Jason Shelton


When I first ran for office in 2013, the “L” in the TUPELO PLAN, which was my campaign platform, stood for “Low Taxes, Limited Spending, & Less Regulation.” I am extremely proud that we have been able to keep that campaign promise over the past eight years.

I am proud to have been a stalwart in opposition to proposed tax increases during my tenure as mayor. The last thing our city and county needs during this precarious time as we continue to navigate the COVID-19 pandemic is a local ad valorem tax increase, which would put us at an economic disadvantage and stymie residential growth in our area.

When our administration started in 2013, we held a housing summit and invited local builders and developers to tell us how to improve as a city. We met with business owners and professionals to tell us how to improve as a city. The result was the creation of a “getting to yes” philosophy at city Hall and a streamlined permitting process to get builders and developers their permits within 21 days in most cases.

Over the past 8 years, we have seen a commercial and residential construction boom. Over 680 single family homes have been built in Tupelo in the past eight years, which is a return to pre-2008 development numbers. The last thing we need to do during a time when young people continue to leave Mississippi in record numbers is to make it more expensive to own a home or car in Tupelo. The proposed ad-valorem tax increases will raise every non-exempt property owner’s taxes and every non-antique car owner’s annual tag renewal fee dramatically.

Like operating your business, managing a city is a highly competitive business in an increasingly mobile society. For an employee of NMMC, they can get to work just as quickly from South or North Lee County as they can from many places within the city limits of Tupelo. We have to give people a reason to live in Tupelo — and raising their taxes is not an incentive to increase home ownership or business development in Tupelo.

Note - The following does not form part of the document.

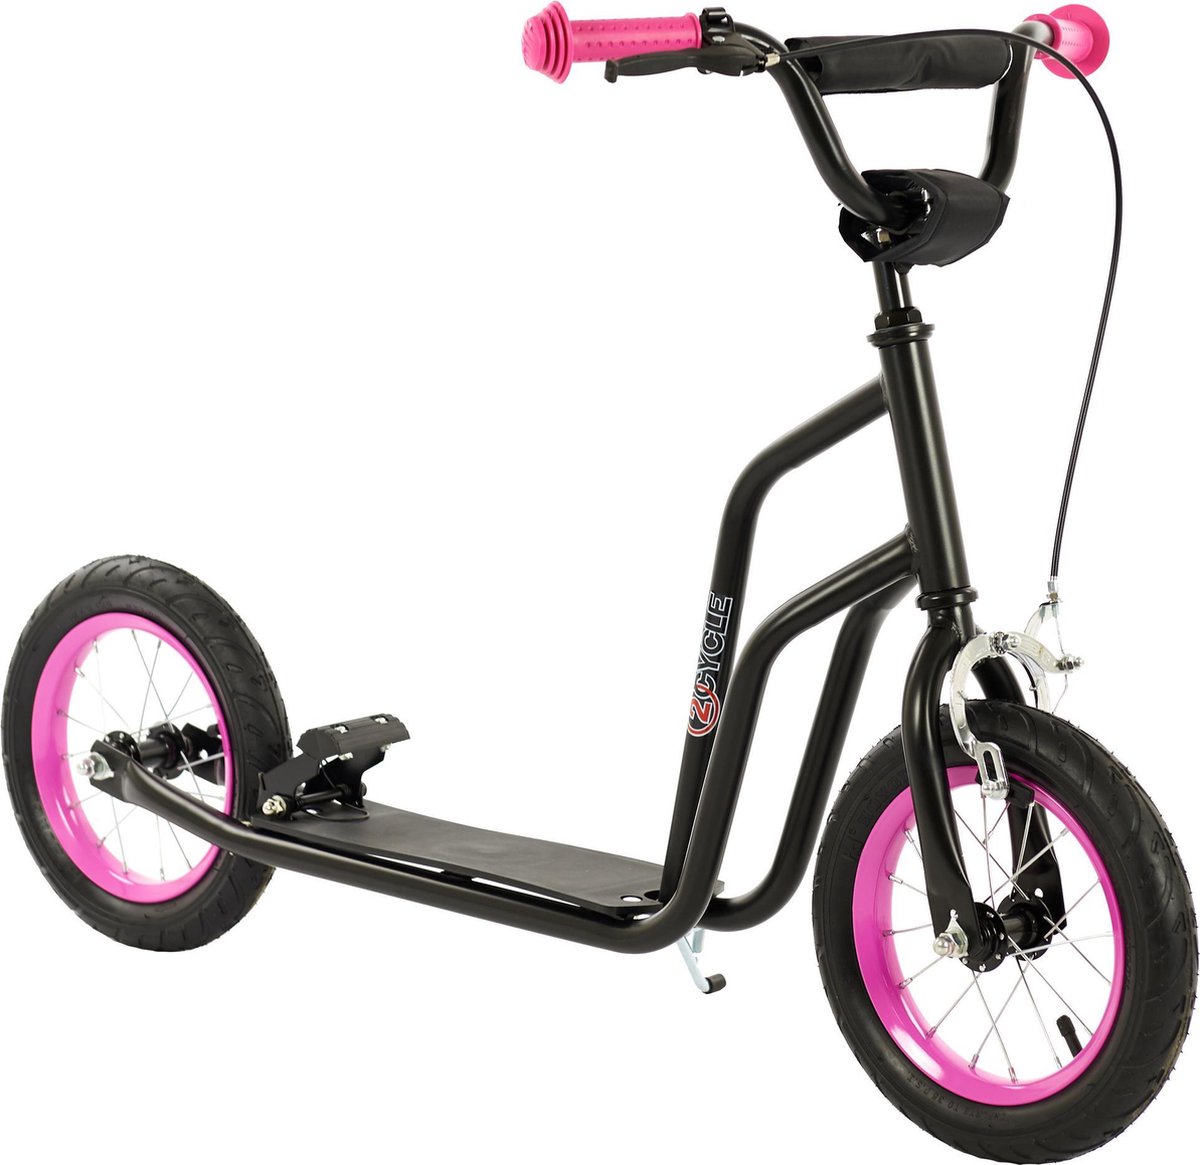 2Cycle Step - Luchtbanden - 12 inch - Zwart-Roze - Autoped - Scooter |  bol.com
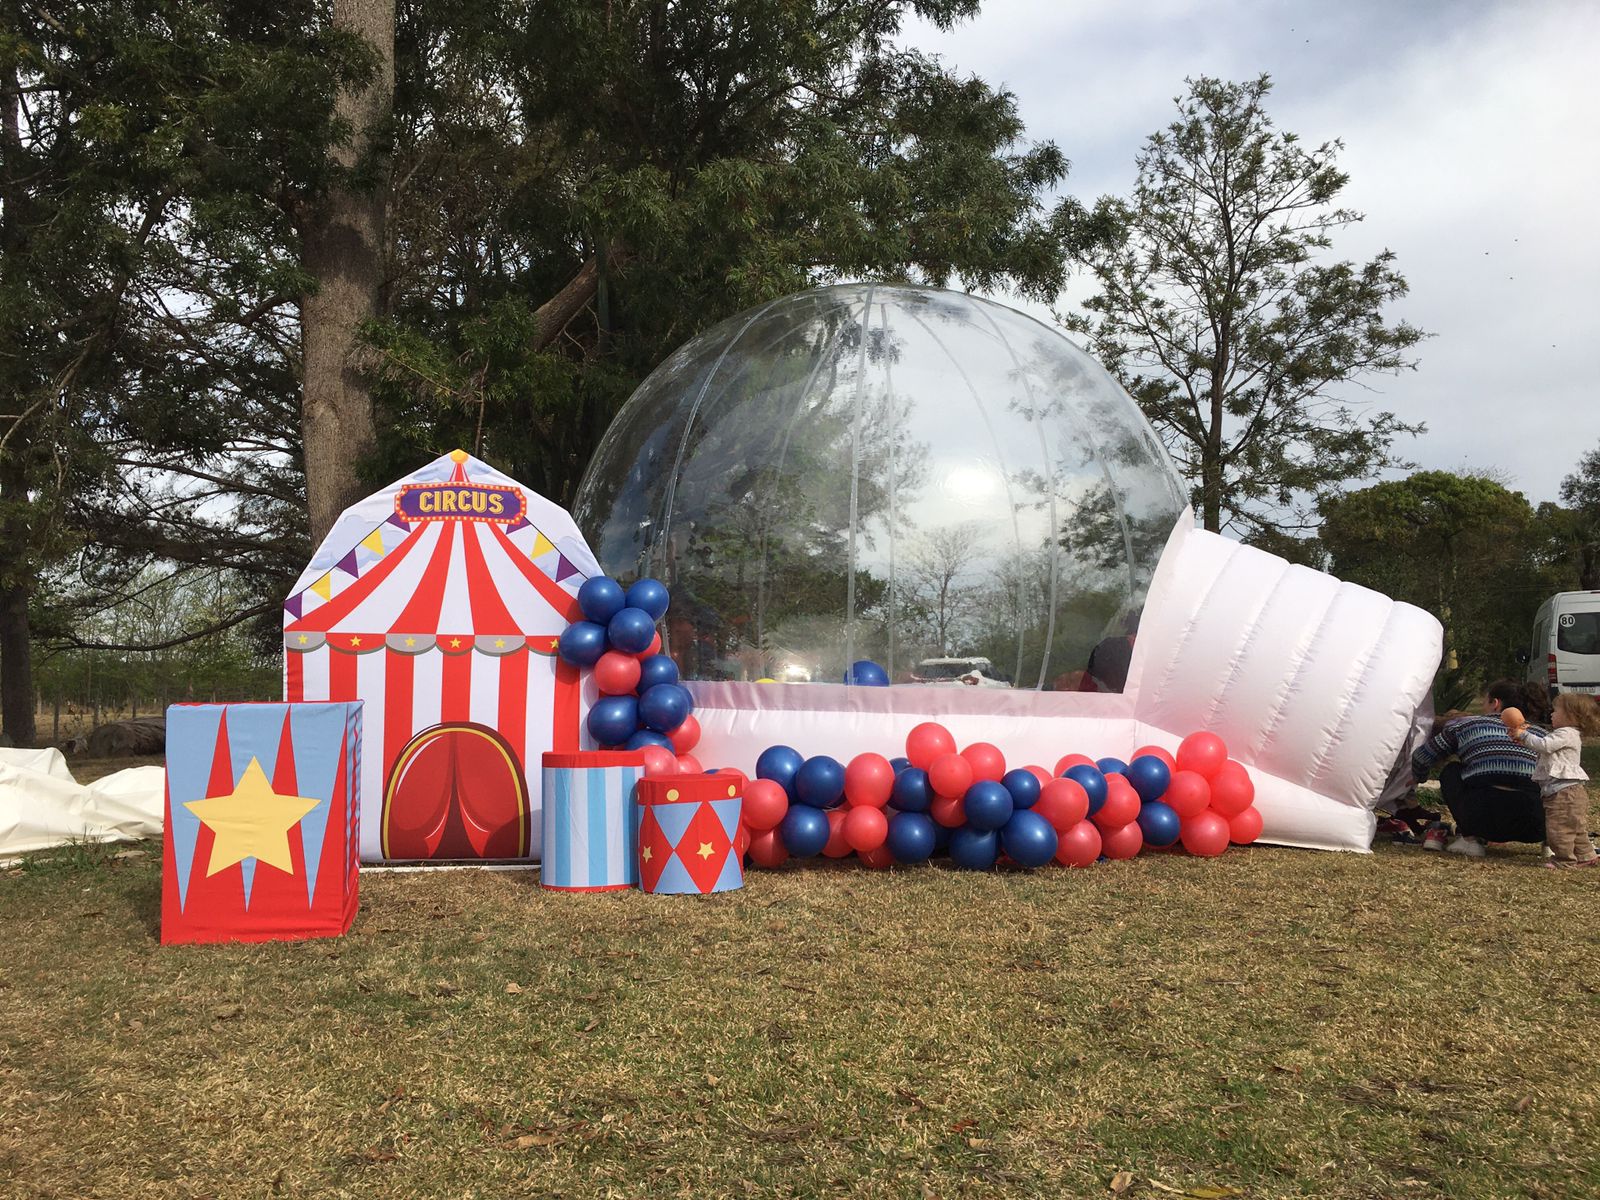 Burbuja Inflable - Special Tents, Inflatable Art - Boreas Designs

For businesses, especially as we continue to recover from COVID-19, we must understand that making it more expensive to own and operate a business inside the Tupelo city limits is not the answer. Increased taxes will put our businesses at a competitive disadvantage. The CARES Act, American Rescue Plan, PPP loans, etc. will soon end, and our businesses must be able to remain competitive in a fragile economy. Raising their taxes and cost of doing business would be a terrible mistake.

The financial strength of Tupelo is the envy of the state of Mississippi. Over the last eight years we have protected our bond rating, protected our reserve/rainy day fund, managed our debt, been good stewards of taxpayer dollars and lived within our means with a “pay as you” go philosophy. While doing this we have also made record-breaking investments into our city’s infrastructure and engaged in public-private partnerships which have paid huge dividends for our city. In the past eight years we have made over $100 million of investments in capital projects without raising taxes. We can continue to make substantial investments without raising taxes if we collectively engage in long term and strategic planning where everyone has a voice in the process.

The roadmap for continued success is already in place. Tupelo is poised for even more growth and economic success, which will only be stymied by tax increases and changing policies and procedures that have proven themselves to be successful over the last eight years.